No, but then I am dependent on me to back up the data. A flu shot or the last time I got a water heater is not exactly CIA kind of stuff.

Reply to
metspitzer

So what will you do if Yahoo goes out of business or decides not to offer the calendars any more?

Also I really don't care for the idea of putting my personal or other information "in the cloud".

Reply to
George

"Yahoo" is little more than a collection of 'bots overseen by an idiot. You can bet the house nobody is listening, and if they were they wouldn't care. -----

- gpsman

Reply to
gpsman

Overseen by an idiot? Not any more. Yang is out. But he better not go outside, the shareholders will skin him.

Microsoft bid $33/share earlier this year, which Yang declined.

Price is now about $11.50/share.

Microsoft will probably buy Yahoo for somewhere around $15.

Reply to
HeyBub

If you aren't backing up your data, all of your data, then either it isn't worth anything or you have more serious problems than keeping track of how old your water heater is.

I use Carbonite

formatting link
For $50/year, it will back up all of the data on your PC over the internet to a secure location. It does it in the background, dynamically. If you accidentally erase a file, it will restore it in a minute or two, It keeps multiple versions of files so if you want the version you had yesterday, you can probably get it. The data is not in your house so if you get robbed or there is a fire, earthquake, flood, whatever, the data is safe. It's cheaper, faster, and safer than DVDs or tapes.

There are other online services. You really ought to get one of them.

Reply to
Square Peg

If Jerry Yang is an idiot, then you are a vegetable, probably a rutabaga (unless there is a dumber vegetable, then you're that one).

Reply to
Nucular Reaction

The big plus is that you still have your schedule when your PC's hard drive crashes. I have been using web mail for many years now.

Reply to
Phisherman

No thanks on the online backup. I prefer to keep my data where I can see it.

Reply to
George

I'll never trust my data to some online service.
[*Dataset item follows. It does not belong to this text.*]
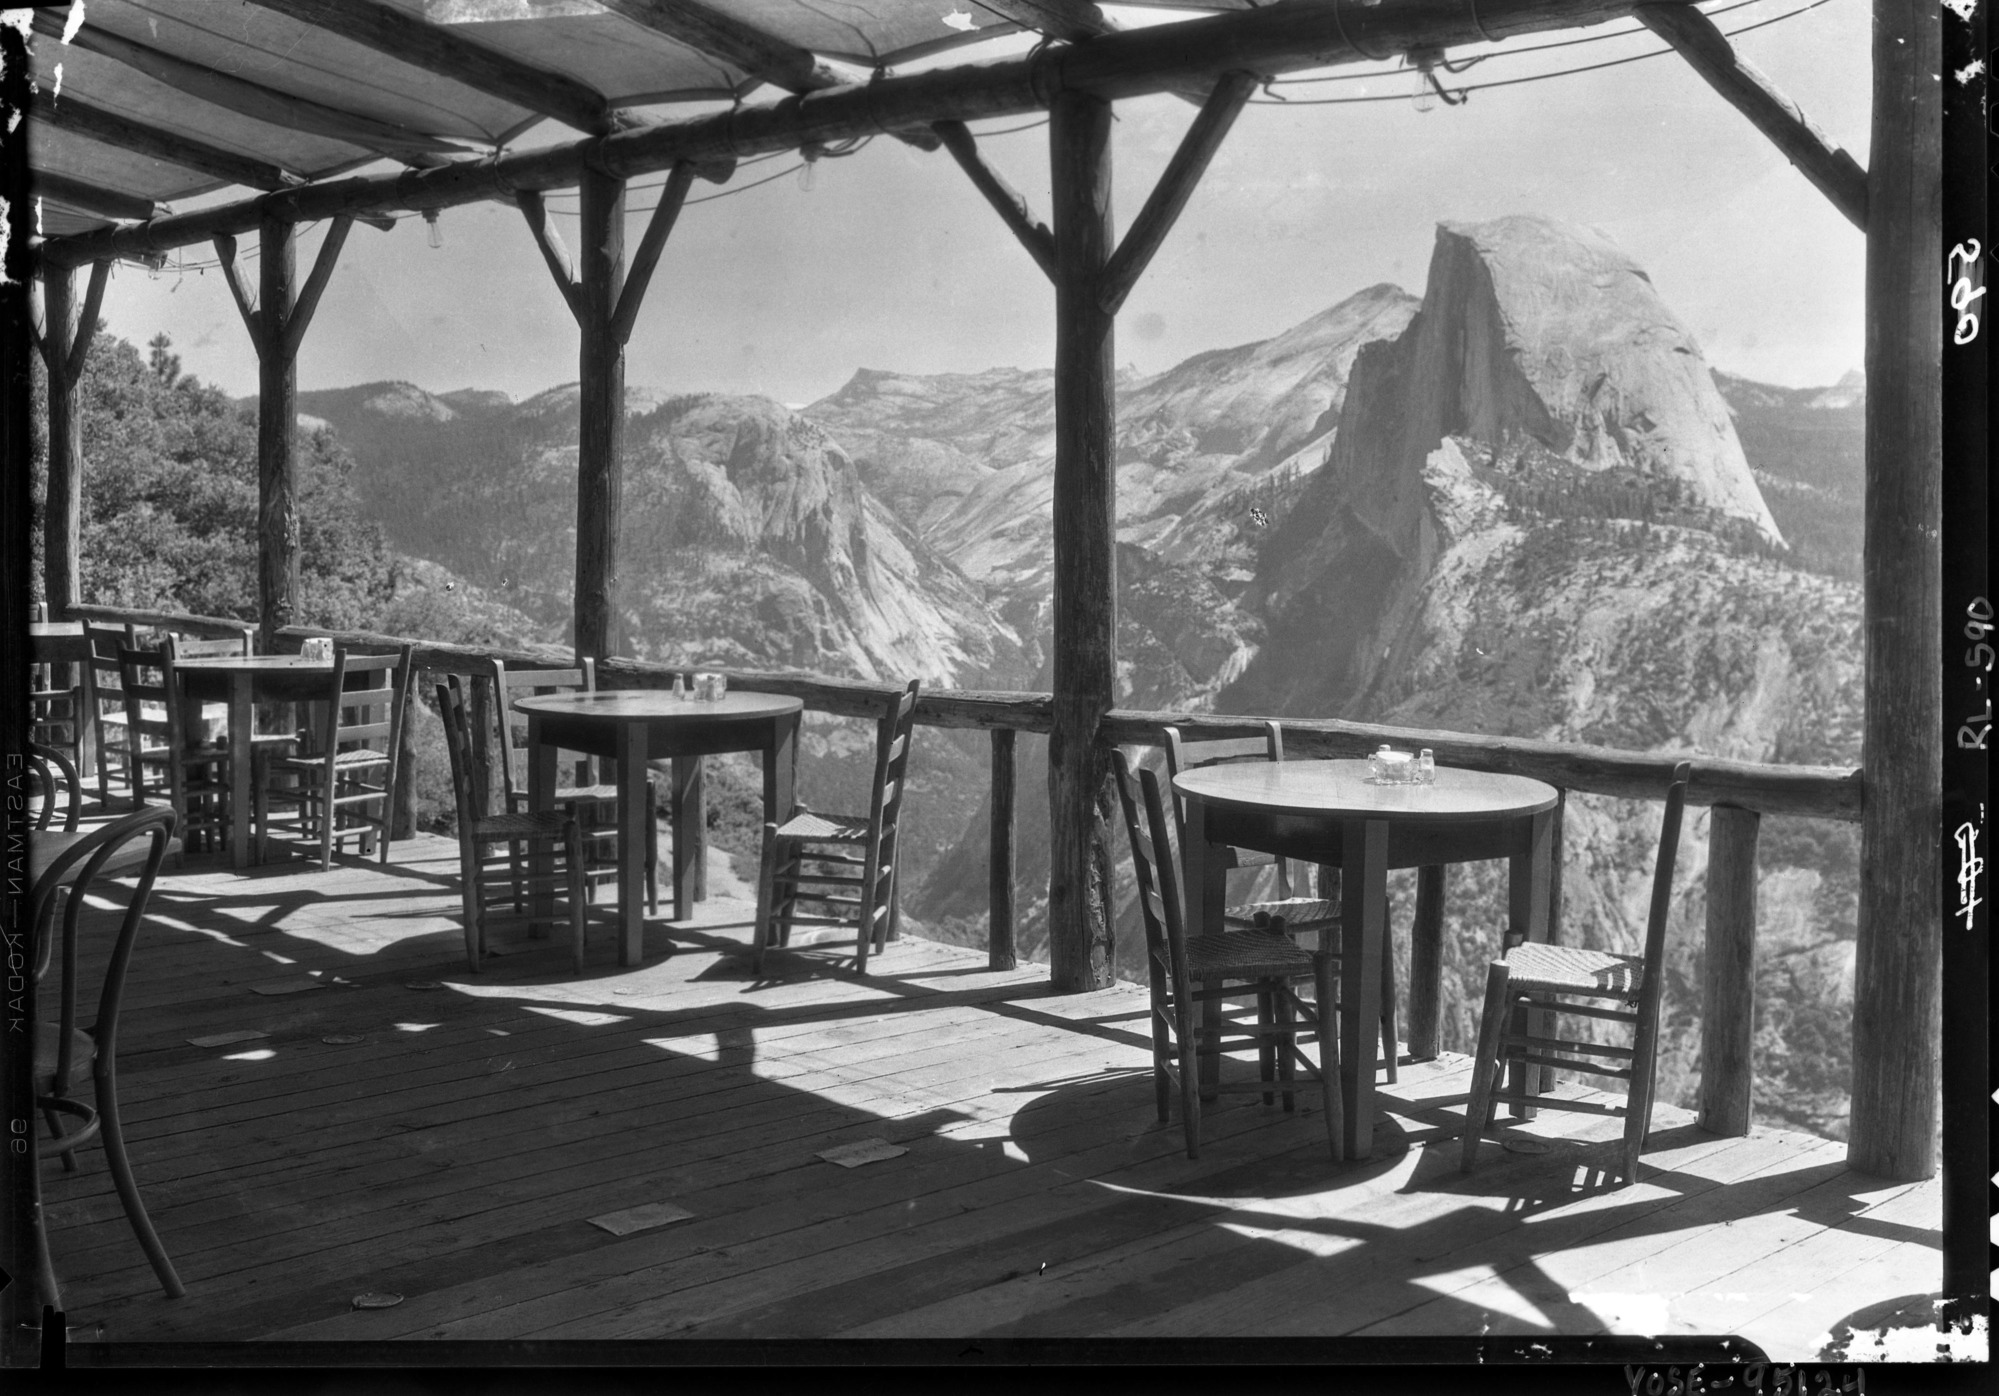 Scene from Glacier Point Cafeteria.

DVDs don't really have adequate capacity for full backup purposes, and the few tape media that do have the capacity are way too expensive for home use.
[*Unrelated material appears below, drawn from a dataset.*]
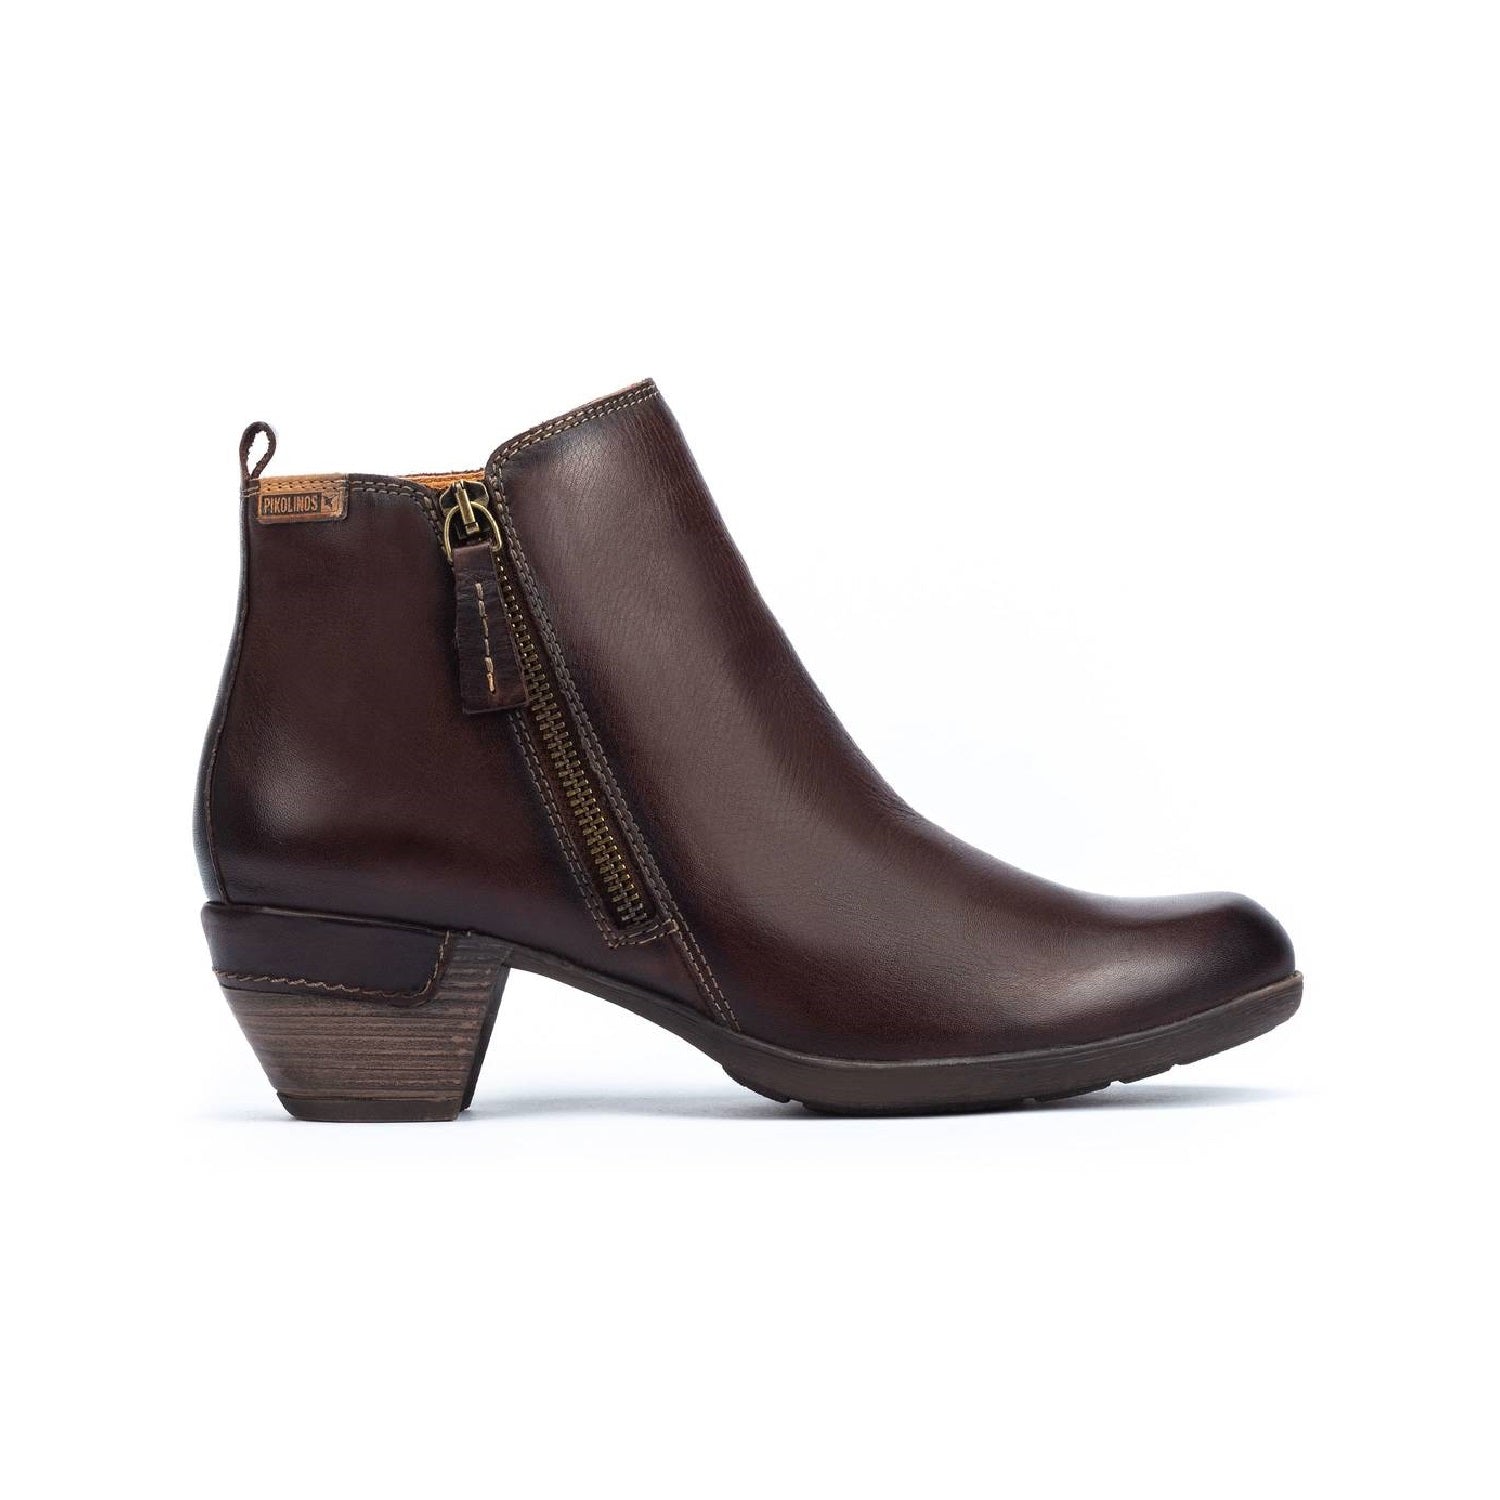 Olmo brown leather ankle boot with zipper on the side.

The two most viable media for home off-site backup are either the portable 2.5" HDDs, or flash media be it USB drives, SD cards, etc. At least two "units" of this media in rotation, one on-site to be updated and one off-site in a safe deposit box gives you pretty secure backup.

One other possibility is using remote mirroring / replication between two locations, say between friends homes. Locate one of portable HDDs at each person's house and each replicates their data to their private disk at the other's house. The same could work with home and vacation house, home and office, etc.

Reply to
Pete C.

I have been backing up my data for years now. I also have more than one machine and important data is duplicated on each.

Reply to
Pete C.

Good luck seeing your data when the hard disk crashes, you erase or overwrite a critical file (if you even have any critical files), or any one of a number of disasters strikes. No worry, Darwin will sort it all out. :-)

Reply to
Top Spin

Unless you are one in a million, the online service is far more reliable that you are.

Gawd (or gag). You would go to all that trouble just to avoid using an online service that would save you both time and money? Very few people will actually follow such a regimen meticulously enough to make it viable and even then it wouldn't provide dynamic backup. Carbonite backs up new files within minutes of them being created, changed files within 24 hours, and I can make it backup instantly whenever I want.

Reply to
Top Spin

But you send all kinds of personal information via email, right?

Reply to
Top Spin

How did you come to that conclusion from what I wrote? There are plenty of ways to implement data protection and disaster recovery without using "carbonite" or similar online services.

Reply to
George

You don't need "carbonite" to do what you described. There is nothing magical or unique about "carbonite".

Reply to
George

Actually no.

Reply to
George

There was a post on the usenet photography list, recently. An online backup company went into financial problems. The creditors took the storage equipment, and promised to reformat it, wipe all the data, and sell the equipment to pay for debts. I expect this to be far more common, and soon.

Reply to
Stormin Mormon

OK, what *is* your backup strategy / procedure?